I, Mona Lisa
- UK edition of the novel
- Author: Jeanne Kalogridis
- Language: English language
- Genre: Historical novel
- Publisher: St. Martin's Griffin
- Publication date: 2006
- Publication place: United States

= I, Mona Lisa =

2006 historical novel by Jeanne Kalogridis

I, Mona Lisa (UK title Painting Mona Lisa) is a 2006 historical novel by Jeanne Kalogridis about Lisa di Antonio Gherardini, the model for Leonardo da Vinci's painting Mona Lisa.

== Plot ==
Lisa is portrayed as a young Italian woman who learns about the murder of Giuliano de' Medici, the brother of Lorenzo de' Medici in the Pazzi conspiracy in 1478. Giuliano's murder casts a shadow, especially as one of the killers has not been found.

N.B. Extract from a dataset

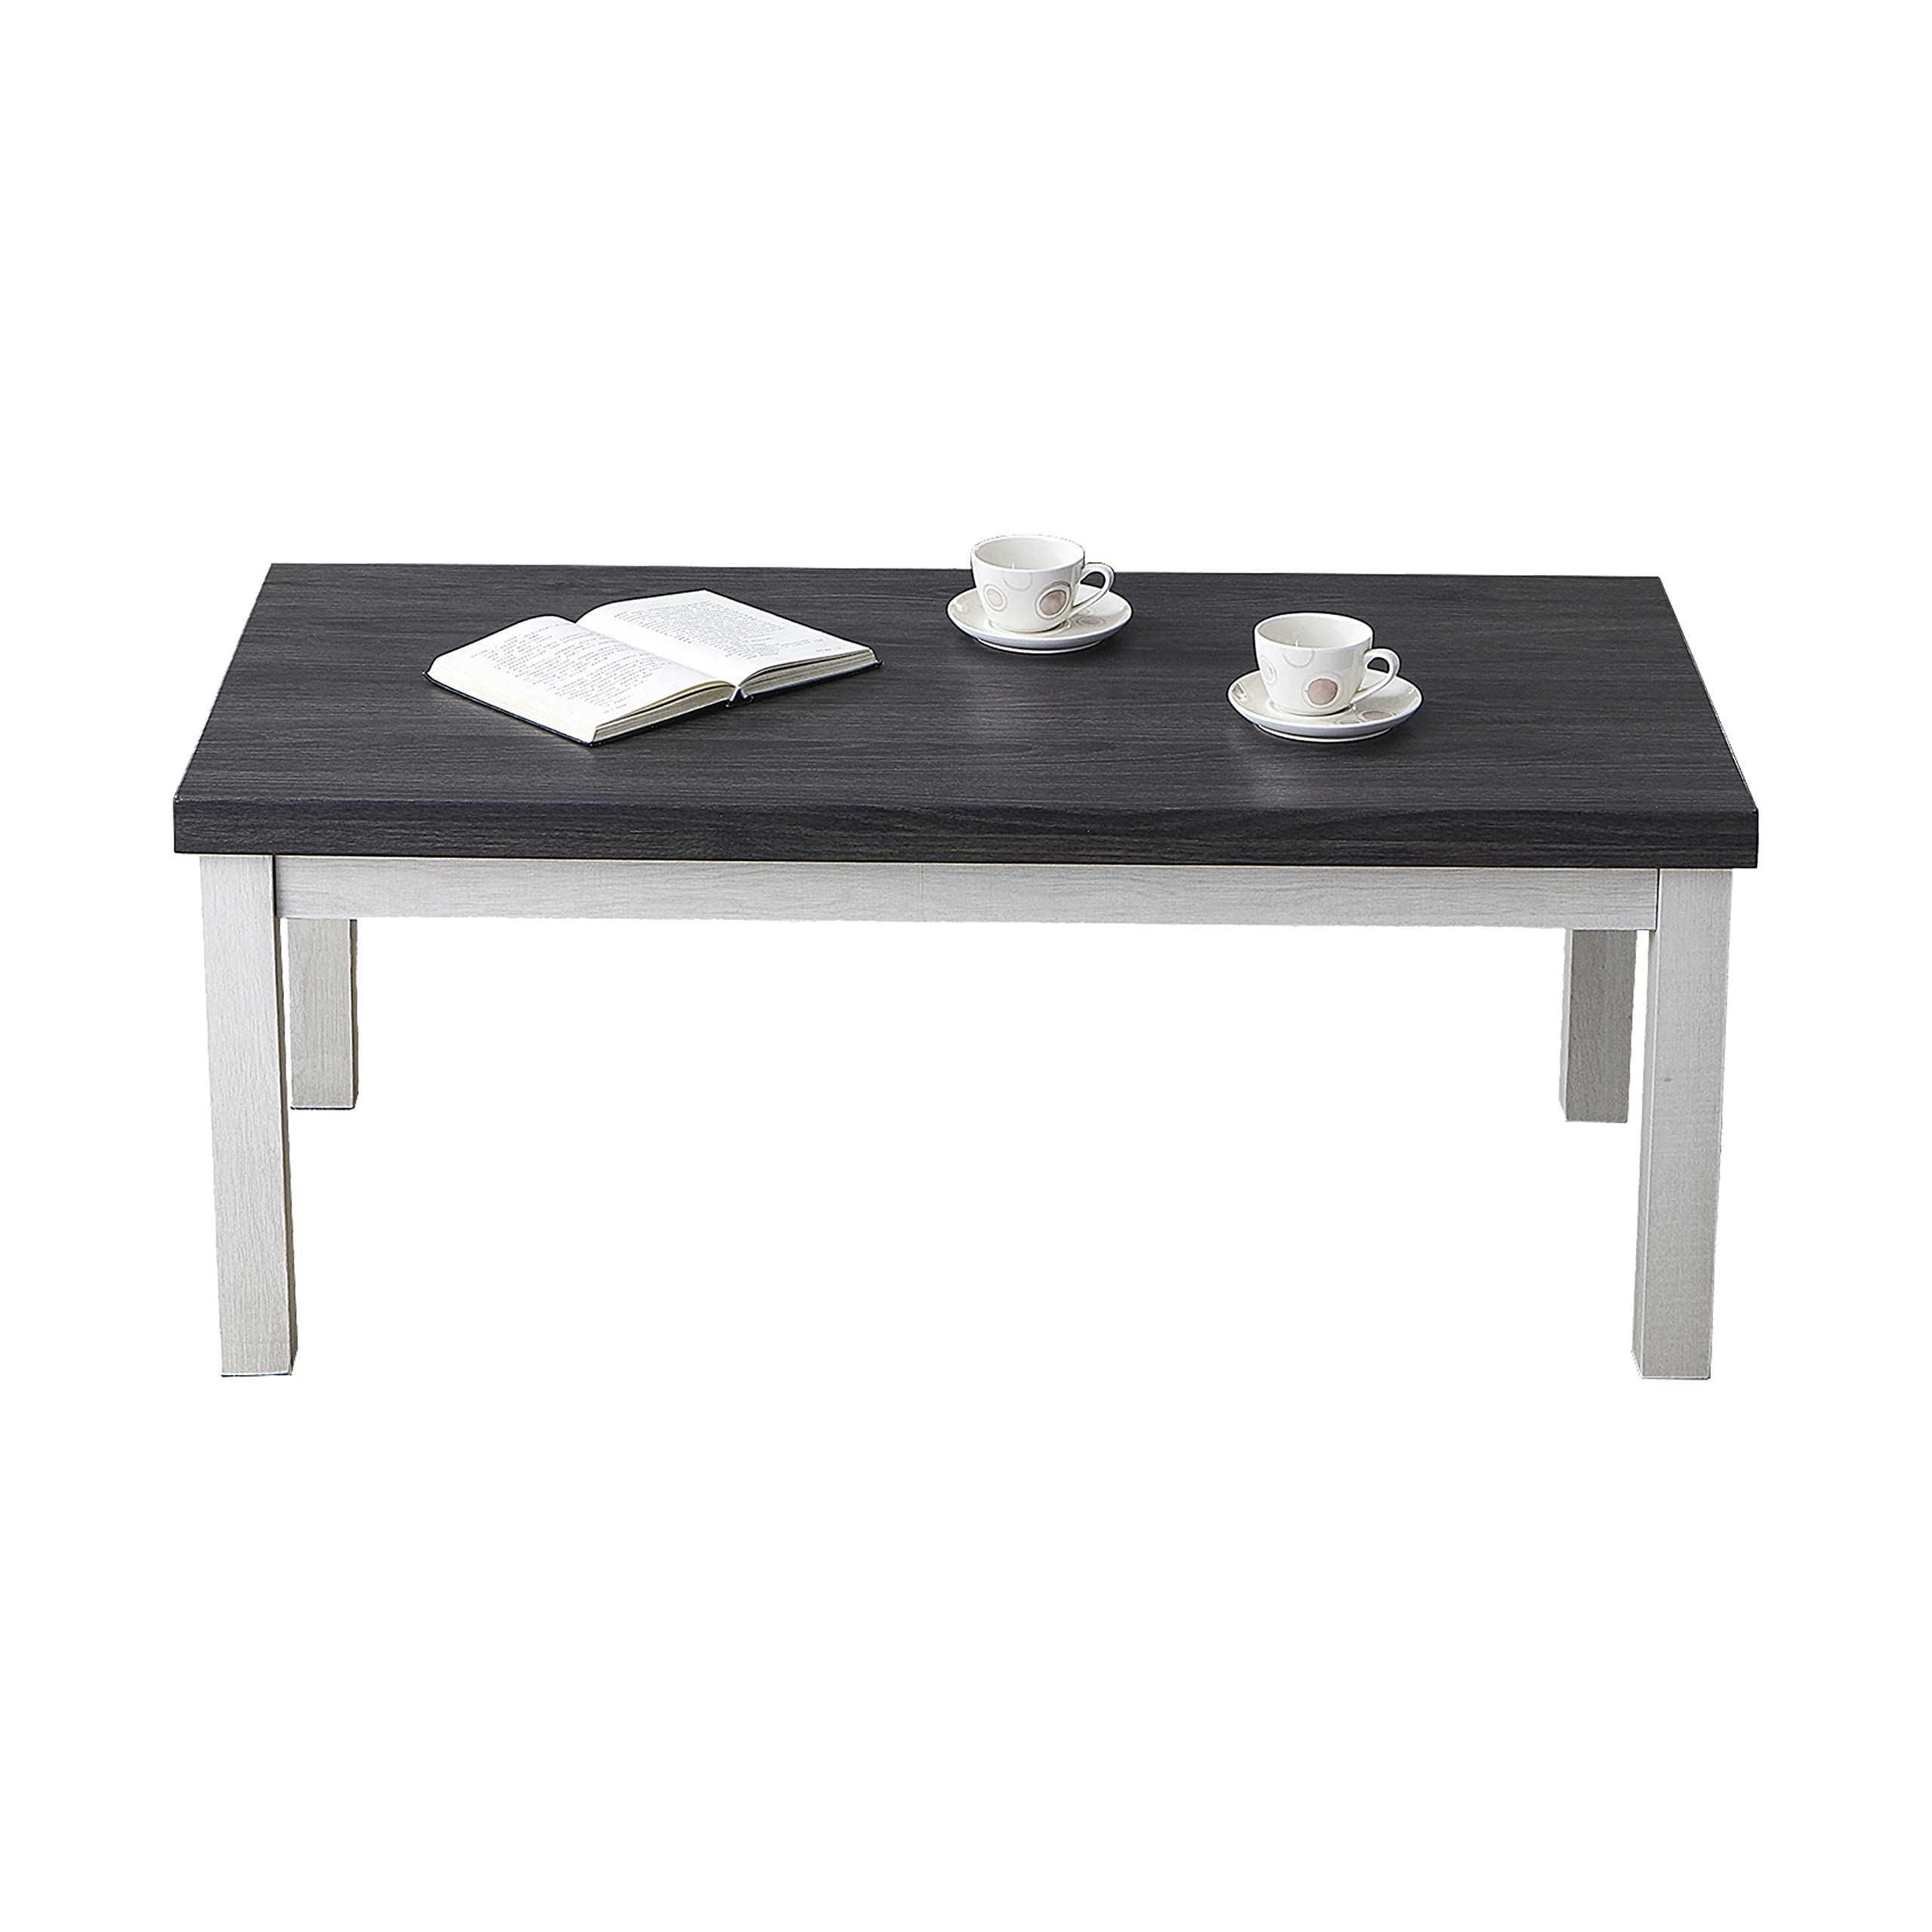 2019 Pemberly Row Replicated Wood Coffee Tables Pertaining To Amazon: Roundhill Furniture Ronan Two Tone Wood Rectangle Coffee Table,  Gray : Home & Kitchen (Photo 7 of 10)

She later falls in love with Giuliano's namesake, Lorenzo's son Giuliano in the aftermath of Girolamo Savonarola's uprising in the late 15th century.

== Reception ==
Library Journal rated the book as "highly recommended", comparing it to The Birth of Venus by Sarah Dunant and Leonardo's Swans by Karen Essex. Publishers Weekly called it a "fevered bodice ripper" which "invents a passionate woman behind La Gioconda's enigmatic smile".

Kirkus Reviews noted that while Kalogradis provided "plenty of cloak-and-dagger goings-on", "the characters ring more romantic than true, especially Leoardo".